Shareholder Servicing Plan


SCHEDULE I

COMPENSATION

Classes A,1 B, C, E, F and J Shares, Daily Class Shares, Liquidity Class Shares, Investor Class Shares, Adviser Class Shares and Marsico Shares of a Columbia Fund except as otherwise specifically identified below:

The Servicing Fee shall be, with respect to each applicable Fund, an annual rate not to exceed 0.25% of the average daily net asset value of all Shares of such Fund class, other than shares with respect to which the Fund is paying a shareholder servicing fee directly to a third party. The Servicing Fee shall be accrued daily and paid monthly in arrears.

Classes A, B and C of Columbia Tax-Exempt Fund, Columbia Intermediate Municipal Bond Fund and Columbia High Yield Municipal Fund:

The Servicing Fee shall be, with respect to each applicable Fund, an annual rate not to exceed 0.20% of the average daily net asset value of all Shares of such Fund class, other than shares with respect to which the Fund is paying a shareholder servicing fee directly to a third party. The Servicing Fee shall be accrued daily and paid monthly in arrears.

Classes A and B of Columbia Liberty Fund:

The Servicing Fee shall be an annual rate not to exceed 0.15% of the average daily net asset value attributable to shares issued prior to April 1, 1989, and an annual rate not to exceed 0.25% of the average daily net asset value attributable to shares issued thereafter, other than shares with respect to which the Fund is paying a shareholder servicing fee directly to a third party. The Servicing Fee shall be accrued daily and paid monthly in arrears.

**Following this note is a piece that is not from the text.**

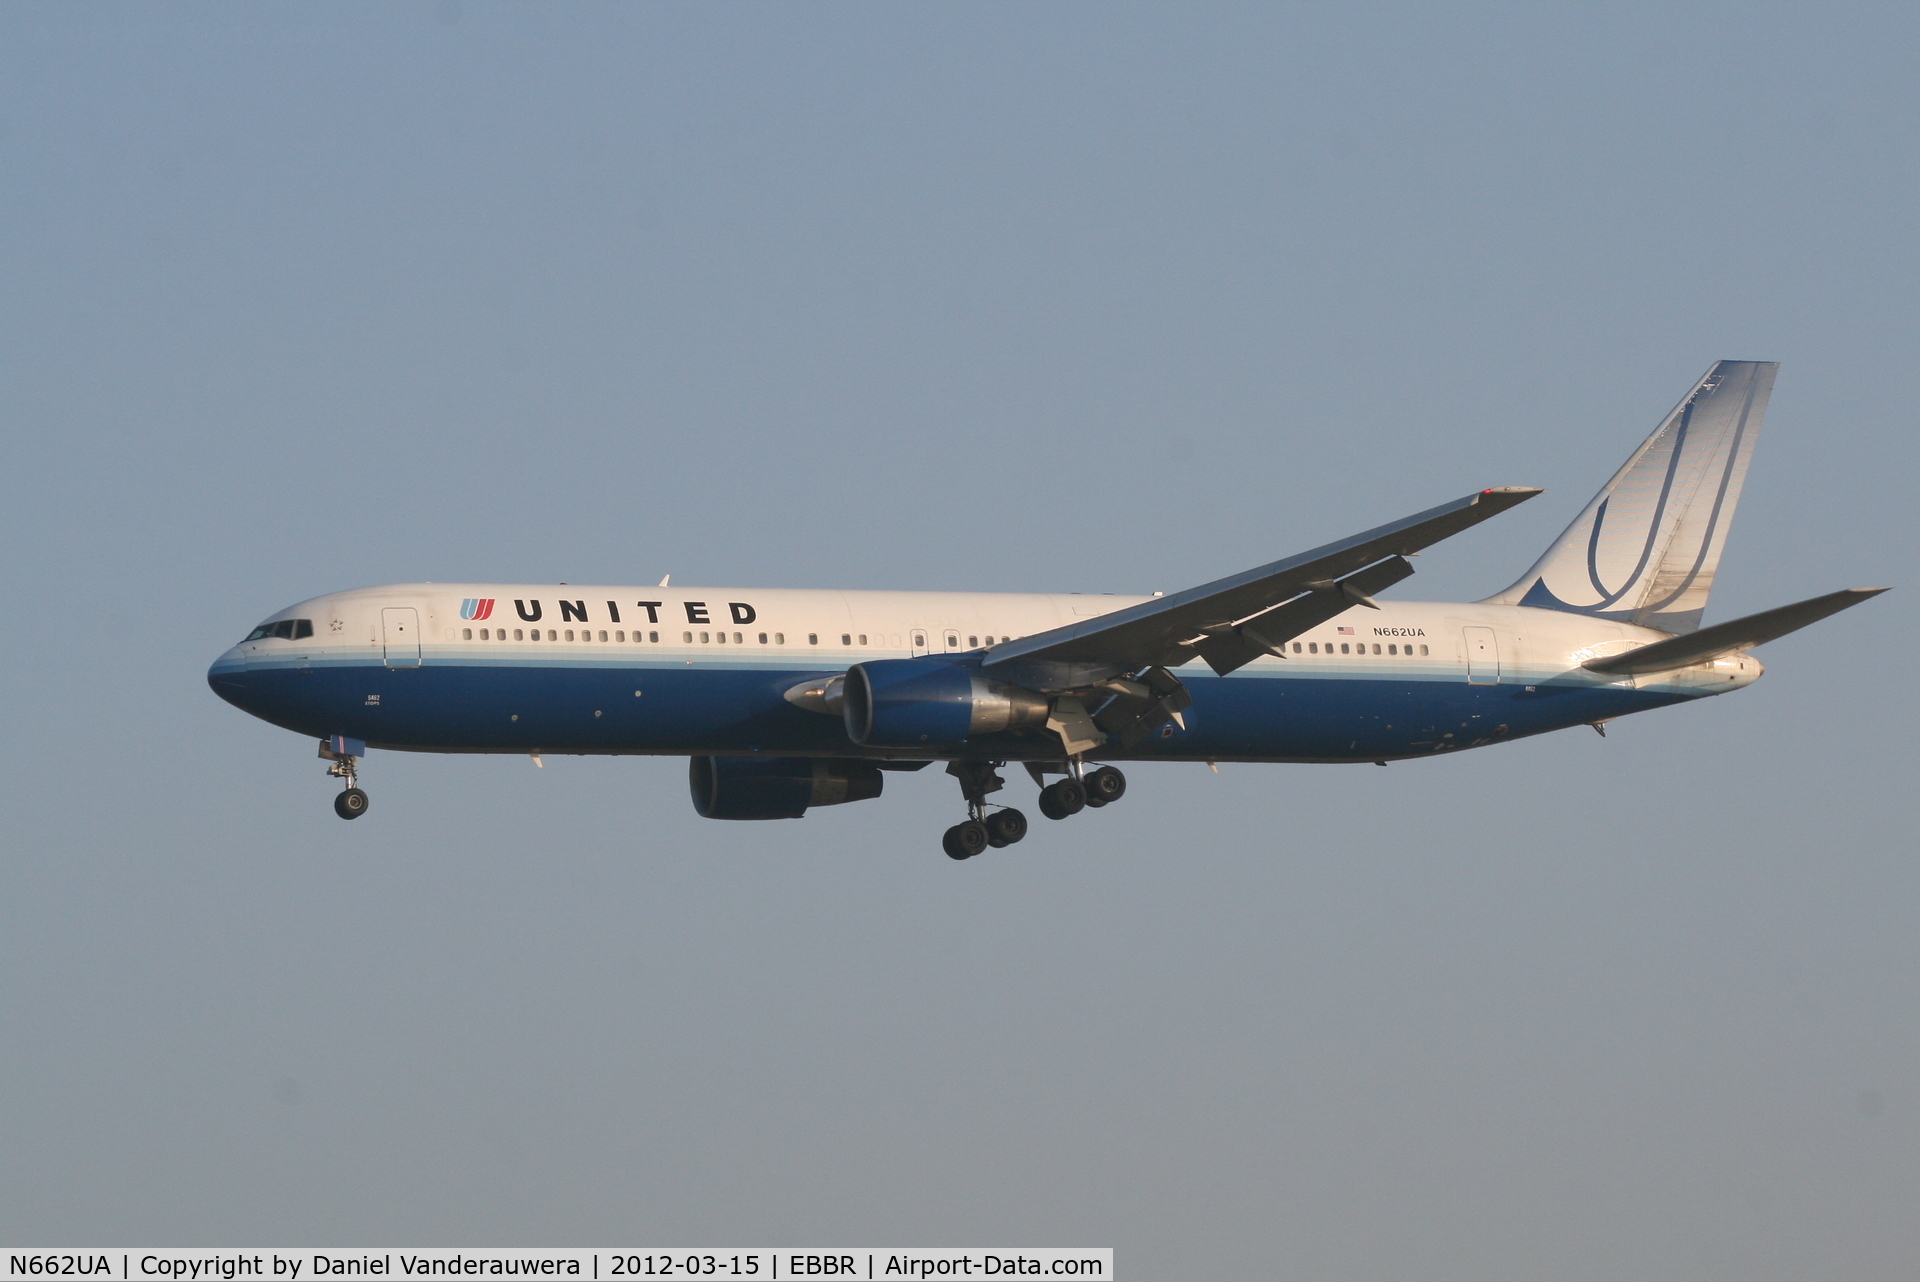 N662UA, 1993 Boeing 767-322 C/N 27159, Arrival of flight UA972 to RWY 25L

For Class A shares of Columbia Asset Allocation Fund, Columbia Balanced Fund, Columbia Conservative High Yield Fund, Columbia Contrarian Core Fund, Columbia Disciplined Value Fund, Columbia Dividend Income Fund, Columbia Large Cap Growth Fund, Columbia Mid Cap Growth Fund, Columbia Oregon Intermediate Municipal Bond Fund, Columbia Real Estate Equity Fund, Columbia Small Cap Core Fund, Columbia Small Cap Growth Fund I and Columbia Technology Fund, each a series of Columbia Funds Series Trust I, the Board of Trustees of Columbia Funds Series Trust I limits total payments for distribution and service fees for each applicable Fund to 0.25% of such Fund’s average daily net assets attributable to Class A shares, and therefore any amounts payable by Class A shares of such Fund pursuant to Columbia Funds Series Trust I’s Distribution Plan shall directly reduce the maximum allowable rate of the Servicing Fee. For example, payment of a 0.10% distribution fee would reduce the maximum allowable rate of the Servicing Fee to 0.15%.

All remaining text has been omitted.